I think he wanted to delay the auction and the transfer of the public land until the Obama Administration takes over. He's basically buying time.

I also was surprised that someone could go to an auction like that without showing proof of funds. I doubt that will be the case in the future.

Whether or not you agree with DeChristopher's motives, I think it was a pretty ingenious move.

RockyMountainMark
2 reviewer rep
3 forum posts
January 27, 2009 at 6:50 p.m. (EST)

I was proud to learn that Tim has close ties to my home town. Both Tim's mom and I call Buena Vista, CO home. Way to go Tim! You did what more of us should have. Congratulations on the success of your fund-raising on your web site. Your bold actions would make Ed Abby proud.

Alicia
TRAILSPACE STAFF
588 reviewer rep
3,024 forum posts
January 28, 2009 at 9:27 a.m. (EST)

For anyone looking for an update, I read the following on the Outdoor Industry Association site:

Court Halts Oil and Gas Lease Sale in Utah Wildlands

A Utah court has barred the Bureau of Land Management (BLM) from issuing oil and gas leases on more than 110,000 acres of Utah wild lands. The court sided with a coalition of environmental groups in issuing the restraining order which prevents the BLM from cashing checks on the leases that were sold at a sale last month.

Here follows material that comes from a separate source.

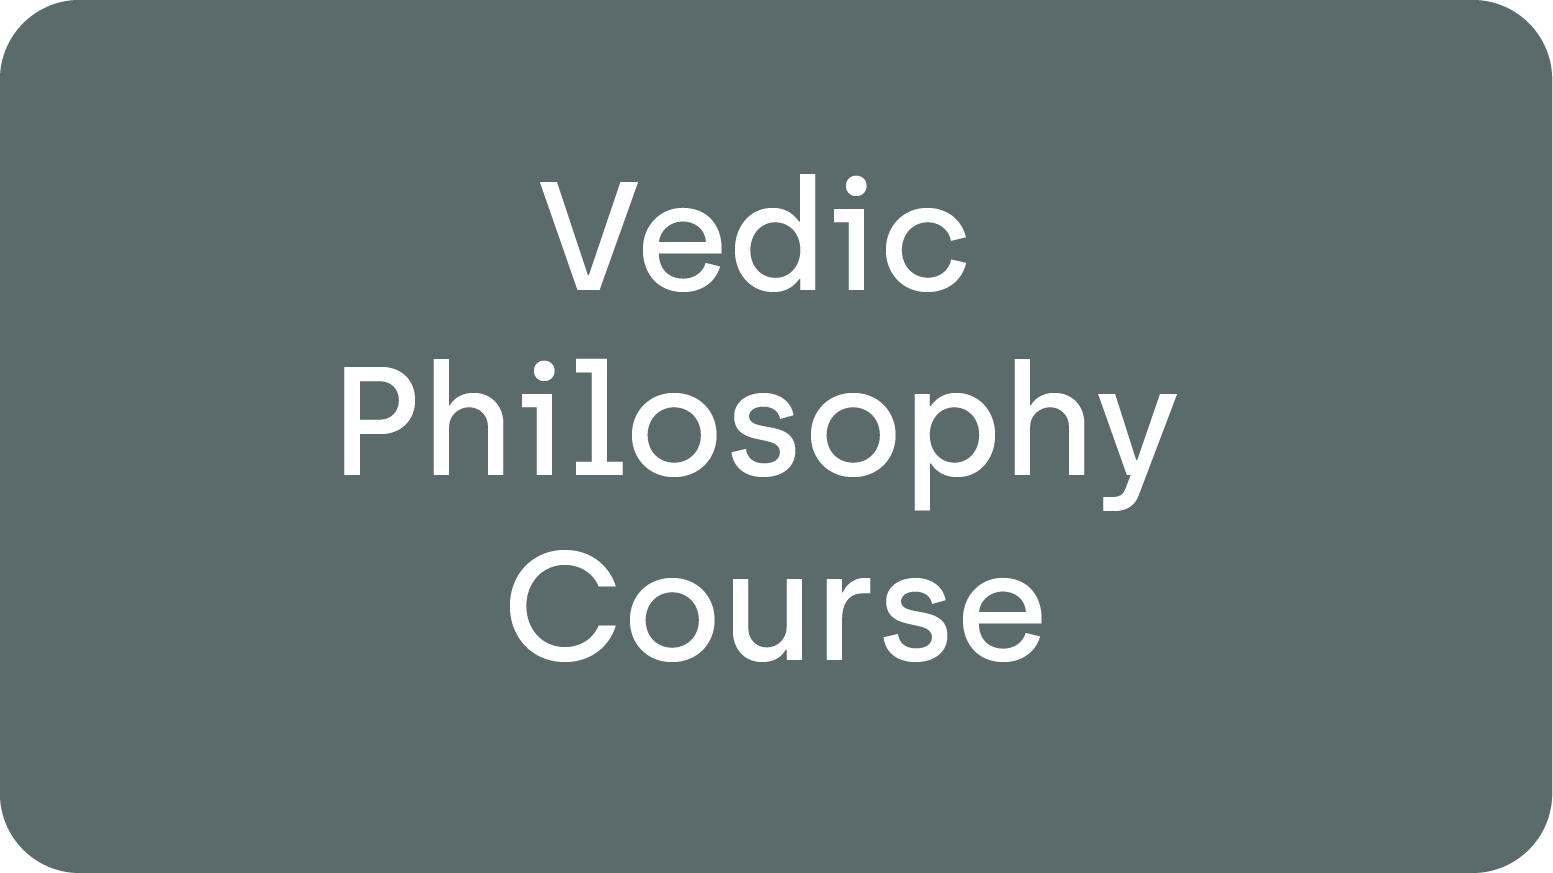 Vedic Philosophy Course

The court found that the conservation groups "have shown a likelihood of success on the merits" and that the "'development of domestic energy resources' … is far outweighed by the public interest in avoiding irreparable damage to public lands and the environment." The merits of the case will be heard later in 2009.

The contested areas near Arches and Canyonlands National Parks, Dinosaur National Monument and Nine Mile Canyon include lands that contain the nation's greatest density of ancient rock art and other cultural resources. These lands were recently opened to oil drilling through resource management plans that have serious ramifications for three million acres of public lands in Utah.

OIA joined other groups in protesting both the lease sales and the final management plans which failed to strike an appropriate balance between energy extraction and protecting lands for recreation.